Регина знала, что подобного рода тишина редко воцаряется в залах суда – тем более там, где каждый ждет очереди рассказать свою невообразимо страшную историю.
– Как, по-вашему, – Генрик Борнштайн подошел к скамье присяжных и поочередно посмотрел в лицо каждому, – должен я считать господина председателя виновником трагедии, которая произошла с детьми, в том числе и с моей сестрой? А почему бы мне не винить себя? – ведь я не бросился на гестаповцев, конвоировавших отъезжающие машины. Я не стану сейчас вызывать в качестве свидетеля господина прокурора и спрашивать, что он делал в тот день, когда из гетто забирали детей, и как ему тогда работалось в архиве, в материалах которого, как все мы знаем, часто встречаются похвалы в адрес обвиняемого. Я даже не спрошу у него – хотя с трудом себя сдерживаю, – помнит ли он, как отплясывал на торжественном вечере, устроенном работниками фабрики щеток по случаю дня рождения господина председателя.
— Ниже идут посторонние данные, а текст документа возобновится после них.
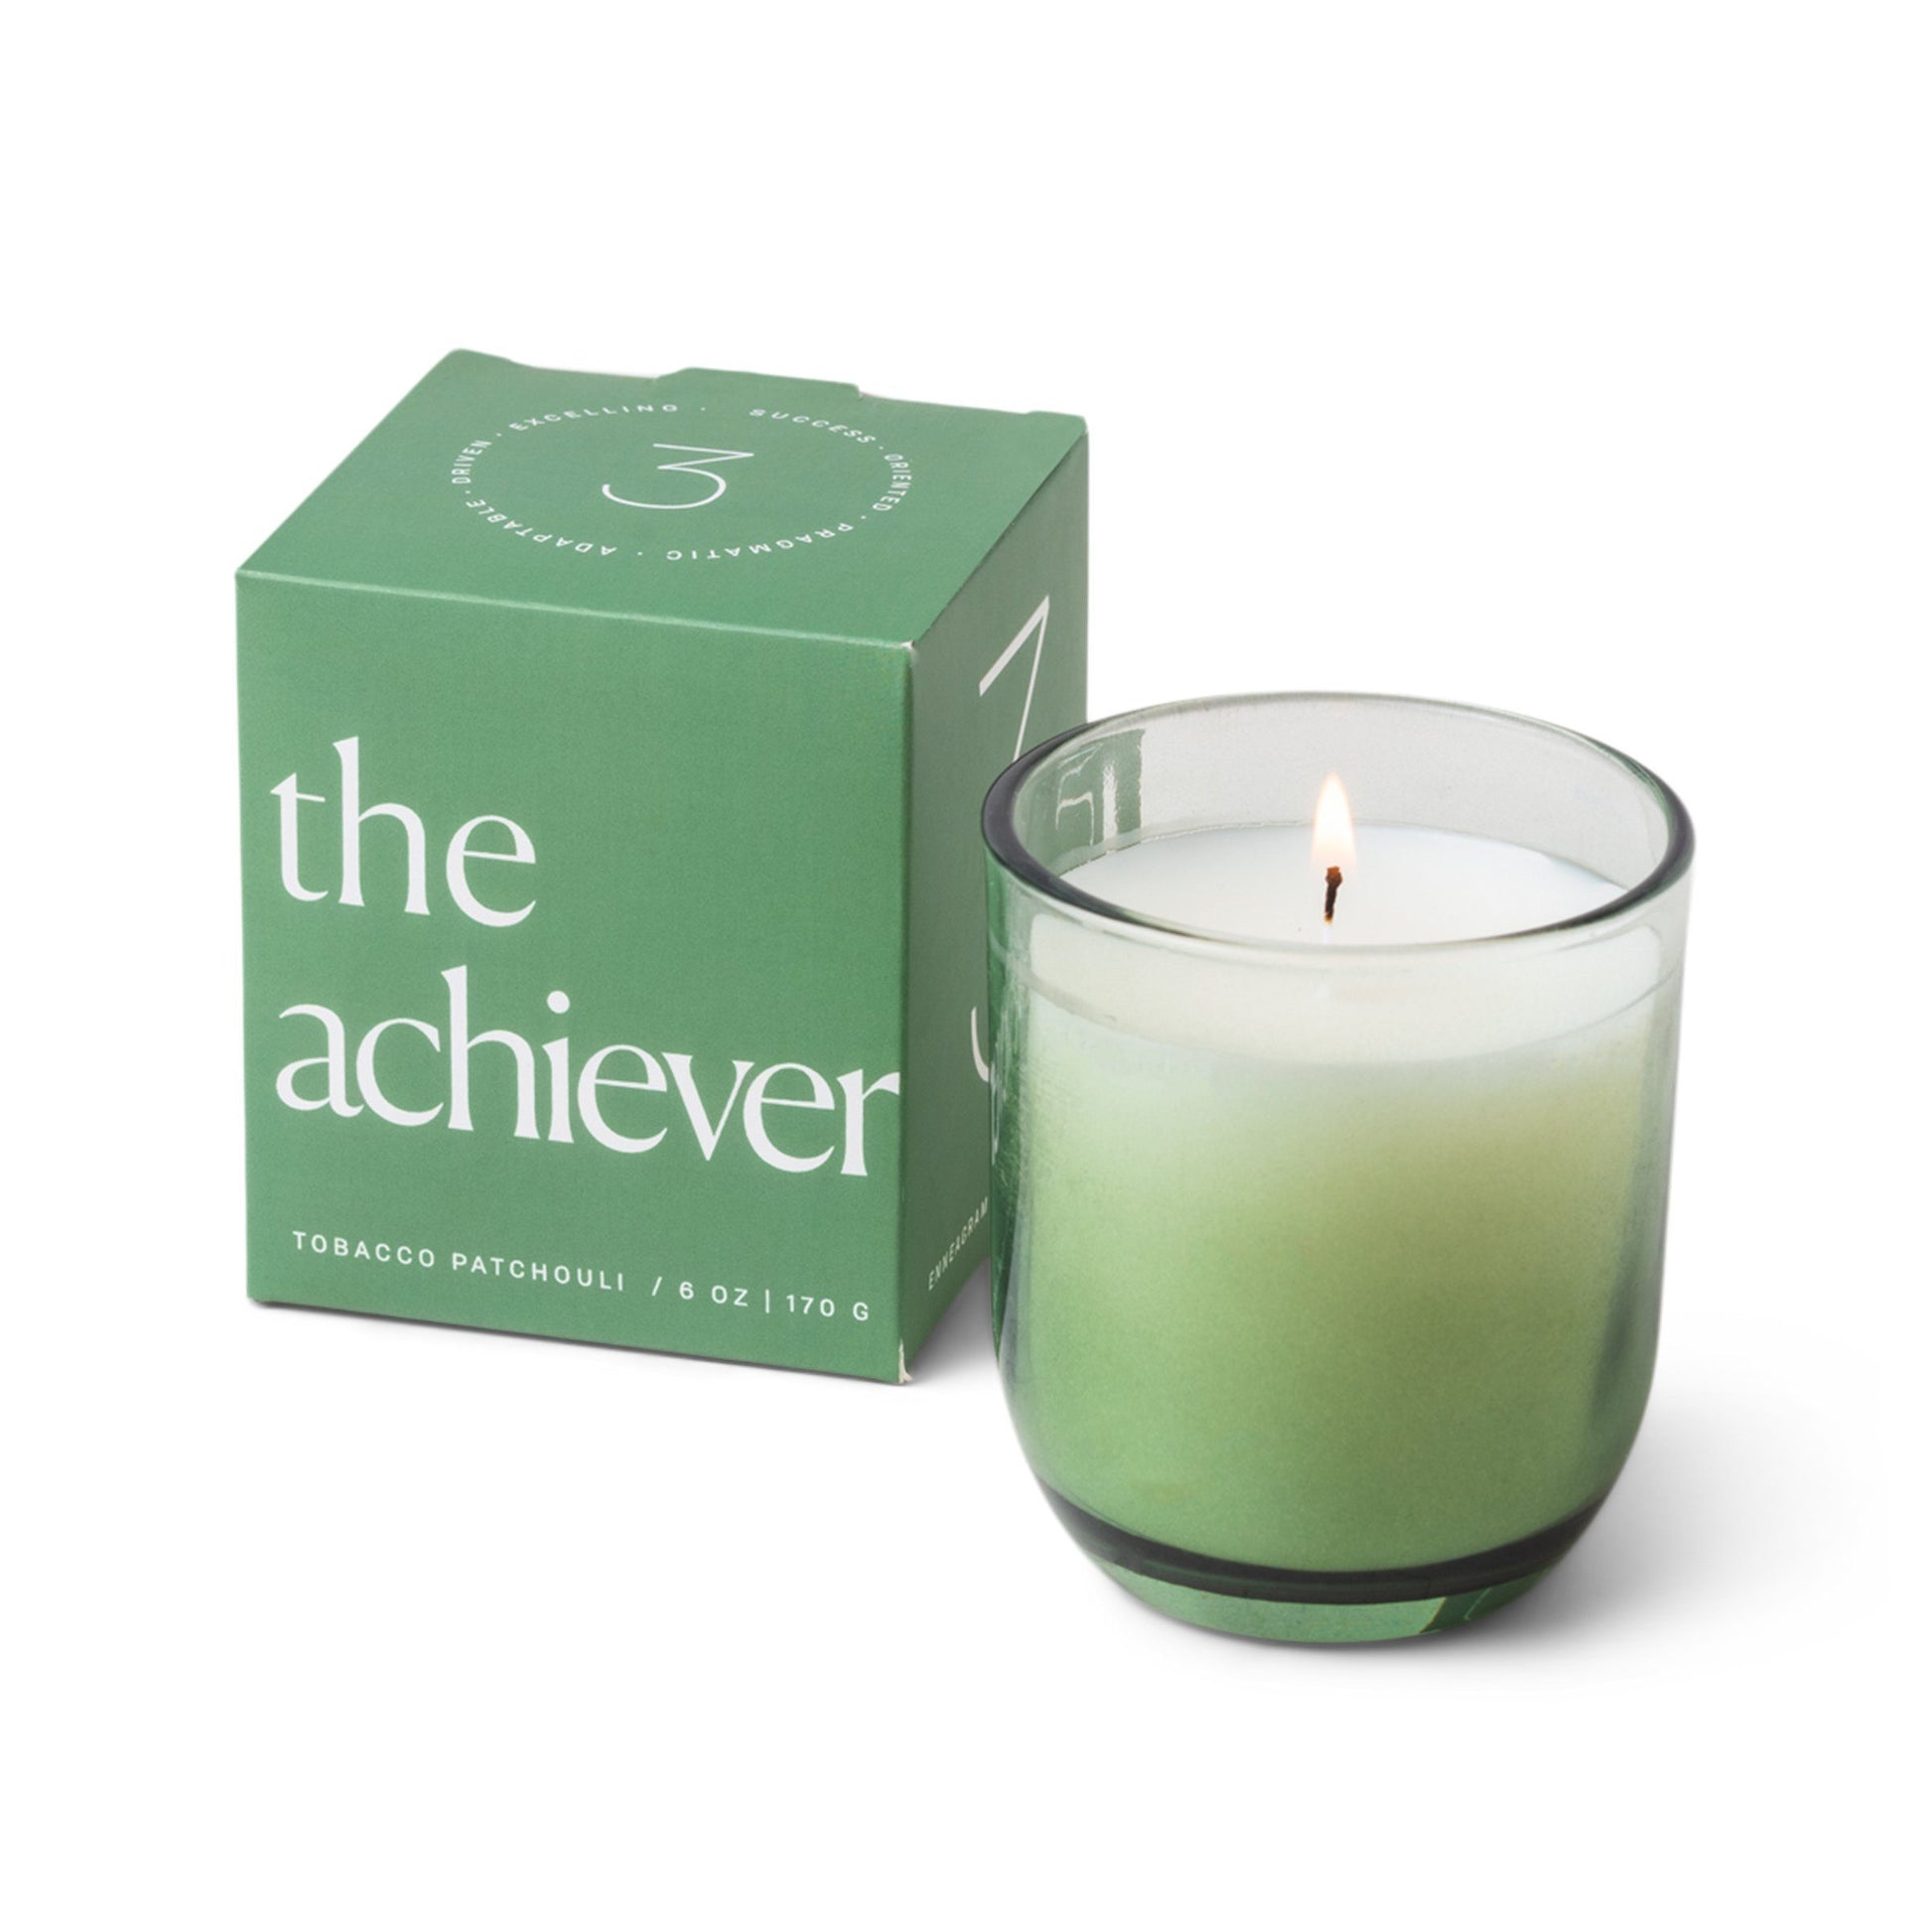 Candle with a vessel of clear glass that fades to green at the bottom; pictured next to the green box which reads “the achiever”

Прокурор возвращался на свое место походкой человека, которому отбили почки. Когда наконец он с видимым облегчением опустился на стул, раздался хруст раздавленного стекла – Вильский так и подпрыгнул, вероятно, не только от неожиданности, но и от боли. Регина заметила, что судья устремил взгляд на нее, но – всевидящий! – он вполне мог смотреть и на Марека. Она б испугалась, если бы – к величайшему своему изумлению – не увидела на лице судьи тень улыбки.